The flowers are 7-10mm wide with white ovate petals. In its natural habitat, flowers appear in spring and summer, while in cooler places, like Canberra, the flowering time is summer to mid-autumn.
Harvesting time for the sweet berries, which some say have a gingery taste, is late summer and autumn. The berries are white with small blue-black spots which give them a mauve or grey appearance.
The midyim berry appears to be relatively free from pests and diseases. However, as a member of the Myrtaceae family, it is at some risk from myrtle rust. This disease attacks young leaves, shoot tips and young stems as well as fruits and flowers. The first sign of myrtle rust infection is tiny raised spots that are brown to grey. Up to 14 days after infection the spots produce masses of distinctive yellow/orange spots. If you think you may have myrtle rust, contact authorities in your state.

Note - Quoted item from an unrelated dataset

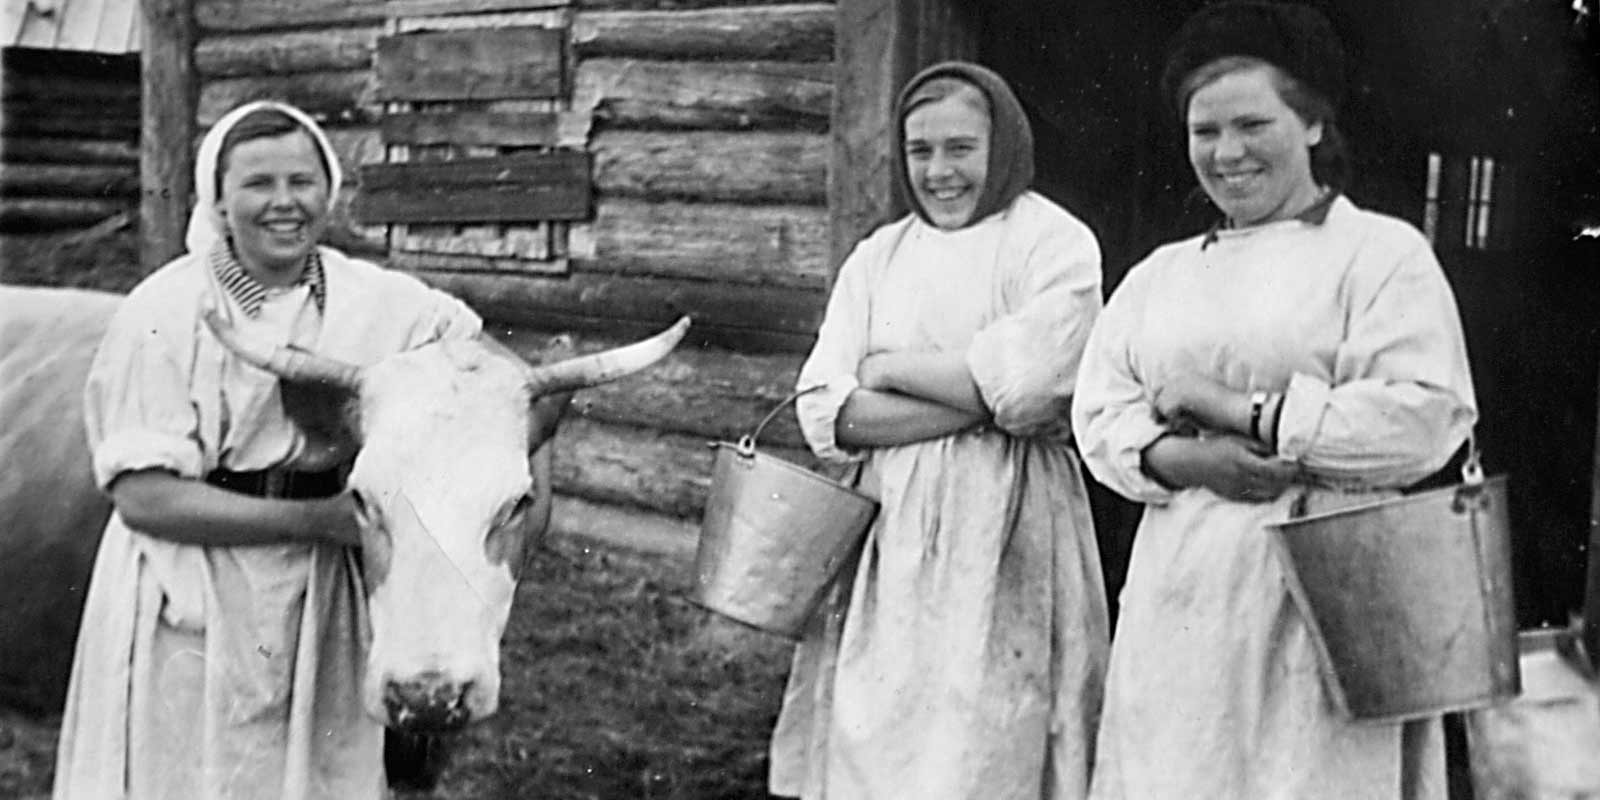 Kolkhoz milkmaids of the Haidak village: Maria Peterson (on the left), Lidia Kondratieva (on the right). Private collection, Maria Peterson.

Able to make an attractive hedge the midyim berry can be pruned to any shape. It is relatively easy to propagate. Fresh cleaned seed germinates in 3-4 weeks while uncleaned fruits take a little longer. Although the outer coat of the seed is hard, no scarification (breaking or scratching) is necessary. Propagation from cuttings is also easy.
The fruit is best eaten fresh, seeds and all, but can be added to fruit salads, pies or made into jam. Some say it has a flavour that is like a blueberry with a hint of eucalyptus.
According to a factsheet from the Queensland Government, native edible plants are a useful wild-life friendly alternative to the usual fruits and vegetables we plant in our backyards. Native species do not need fertilisers, which reduces the pressure of nutrient loading on nearby waterways. And, planting native plants in our backyards is one way to reduce the use of exotic species and help protect native species from extinction.
The midyim berry is sold around the country in nurseries which specialise in native bushfood. It can sometimes be sourced online.
Midyim Berry & Apple Pastry slice (http://tasteaustralia.biz/bushfood/native-fruit/midyim-berry/)
50g midyim berries
2 large green apples
2 sheets of frozen puff pastry
50g brown sugar
1 tsp milk, to glaze pastry
Peel, core, and finely slice apples. Lay out pastry sheets and place apple slices down the centre.
Sprinkle apples with midyim berries. Cut small pieces of butter and sprinkle on fruit, and then sprinkle with sugar, reserving 1 teaspoon for the glaze.
Cut pastry on slant in strips about 1cm wide up to apple. Starting at one end, overlap strips in a plait pattern wrapping over the top of the fruit. Place on a baking sheet and bake in oven at 200ºC until starts to brown.
Remove from oven. Mix milk and teaspoon of sugar and brush on top of pastry to glaze. Place back in oven to finish browning. Serve with fresh cream or custard.
Midyim berry jam
It can be used as a substitute in other berry jam recipes or mixed with other berries.
Megan Hallowes started her career as a journalist in South Africa, then worked as an editor and writer in Australia. She lives in Melbourne with her husband and two children and is working towards a bountiful garden of veggies, herbs and fruit trees.
I have had these growing for a few years outside the front fence. It's possible I have missed them flowering and fruiting due to their location. I am yet to eat a fruit.
I purchased some recently to replace some exotic ornamentals out the front of my house. I wasn't really focused on the edible aspect, though, but mostly on the ability to grow a dense, weed suppressing mass. Any food will be a bonus!
That's a good find Lissa.
This plant died and I think the soil may have been too dry and shady. It did fruit before it died. I will try them again in a different location and see what happens. I must admit, I do like grazing through the garden, some fruit here and there.